* _What you have to do_
For the entries below, print exactly the lines between the line holding "Paris, Frankreich - Juni" and the line holding "VAZIIE SPORT 異素材切り替えコート", inclusive, and nothing else.

(Records for this exercise Opens)

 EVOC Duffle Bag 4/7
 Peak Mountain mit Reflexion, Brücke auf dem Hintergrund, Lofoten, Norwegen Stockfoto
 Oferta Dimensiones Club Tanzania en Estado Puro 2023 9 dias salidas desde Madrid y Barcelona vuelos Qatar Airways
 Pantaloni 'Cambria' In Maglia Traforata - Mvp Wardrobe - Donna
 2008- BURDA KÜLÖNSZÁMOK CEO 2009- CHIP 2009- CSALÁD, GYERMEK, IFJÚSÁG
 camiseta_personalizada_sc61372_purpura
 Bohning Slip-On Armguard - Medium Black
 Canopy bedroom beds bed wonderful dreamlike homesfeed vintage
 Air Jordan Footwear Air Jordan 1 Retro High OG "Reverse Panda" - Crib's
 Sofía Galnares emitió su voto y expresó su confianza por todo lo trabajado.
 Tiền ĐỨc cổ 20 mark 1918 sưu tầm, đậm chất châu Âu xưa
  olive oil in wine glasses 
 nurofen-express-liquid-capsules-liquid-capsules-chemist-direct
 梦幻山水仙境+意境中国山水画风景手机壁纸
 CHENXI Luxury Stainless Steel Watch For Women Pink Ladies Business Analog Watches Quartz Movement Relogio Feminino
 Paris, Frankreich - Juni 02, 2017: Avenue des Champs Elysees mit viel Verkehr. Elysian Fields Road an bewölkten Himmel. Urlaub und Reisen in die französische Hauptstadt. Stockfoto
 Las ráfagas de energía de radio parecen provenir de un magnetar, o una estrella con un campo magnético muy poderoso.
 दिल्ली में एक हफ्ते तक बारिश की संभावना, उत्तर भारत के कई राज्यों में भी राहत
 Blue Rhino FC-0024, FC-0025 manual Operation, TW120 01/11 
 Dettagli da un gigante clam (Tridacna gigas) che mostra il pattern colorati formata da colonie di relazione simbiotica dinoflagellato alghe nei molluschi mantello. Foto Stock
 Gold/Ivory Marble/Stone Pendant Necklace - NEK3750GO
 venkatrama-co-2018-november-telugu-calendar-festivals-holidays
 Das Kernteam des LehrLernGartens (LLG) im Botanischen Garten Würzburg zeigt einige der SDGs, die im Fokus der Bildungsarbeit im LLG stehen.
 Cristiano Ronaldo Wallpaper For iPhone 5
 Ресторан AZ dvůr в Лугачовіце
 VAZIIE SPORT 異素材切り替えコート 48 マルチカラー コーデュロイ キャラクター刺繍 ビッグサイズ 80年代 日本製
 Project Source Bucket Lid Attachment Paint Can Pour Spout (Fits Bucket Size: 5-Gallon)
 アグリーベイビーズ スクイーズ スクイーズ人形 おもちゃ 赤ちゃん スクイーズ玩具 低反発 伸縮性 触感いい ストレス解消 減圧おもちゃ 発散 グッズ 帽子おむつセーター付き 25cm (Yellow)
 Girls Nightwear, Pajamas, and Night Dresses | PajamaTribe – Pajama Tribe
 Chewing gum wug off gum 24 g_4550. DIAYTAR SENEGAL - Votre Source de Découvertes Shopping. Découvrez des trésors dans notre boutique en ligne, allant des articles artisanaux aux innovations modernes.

(Records for this exercise Closes)

* _Reply to the task_
 Paris, Frankreich - Juni 02, 2017: Avenue des Champs Elysees mit viel Verkehr. Elysian Fields Road an bewölkten Himmel. Urlaub und Reisen in die französische Hauptstadt. Stockfoto
 Las ráfagas de energía de radio parecen provenir de un magnetar, o una estrella con un campo magnético muy poderoso.
 दिल्ली में एक हफ्ते तक बारिश की संभावना, उत्तर भारत के कई राज्यों में भी राहत
 Blue Rhino FC-0024, FC-0025 manual Operation, TW120 01/11 
 Dettagli da un gigante clam (Tridacna gigas) che mostra il pattern colorati formata da colonie di relazione simbiotica dinoflagellato alghe nei molluschi mantello. Foto Stock
 Gold/Ivory Marble/Stone Pendant Necklace - NEK3750GO
 venkatrama-co-2018-november-telugu-calendar-festivals-holidays
 Das Kernteam des LehrLernGartens (LLG) im Botanischen Garten Würzburg zeigt einige der SDGs, die im Fokus der Bildungsarbeit im LLG stehen.
 Cristiano Ronaldo Wallpaper For iPhone 5
 Ресторан AZ dvůr в Лугачовіце
 VAZIIE SPORT 異素材切り替えコート 48 マルチカラー コーデュロイ キャラクター刺繍 ビッグサイズ 80年代 日本製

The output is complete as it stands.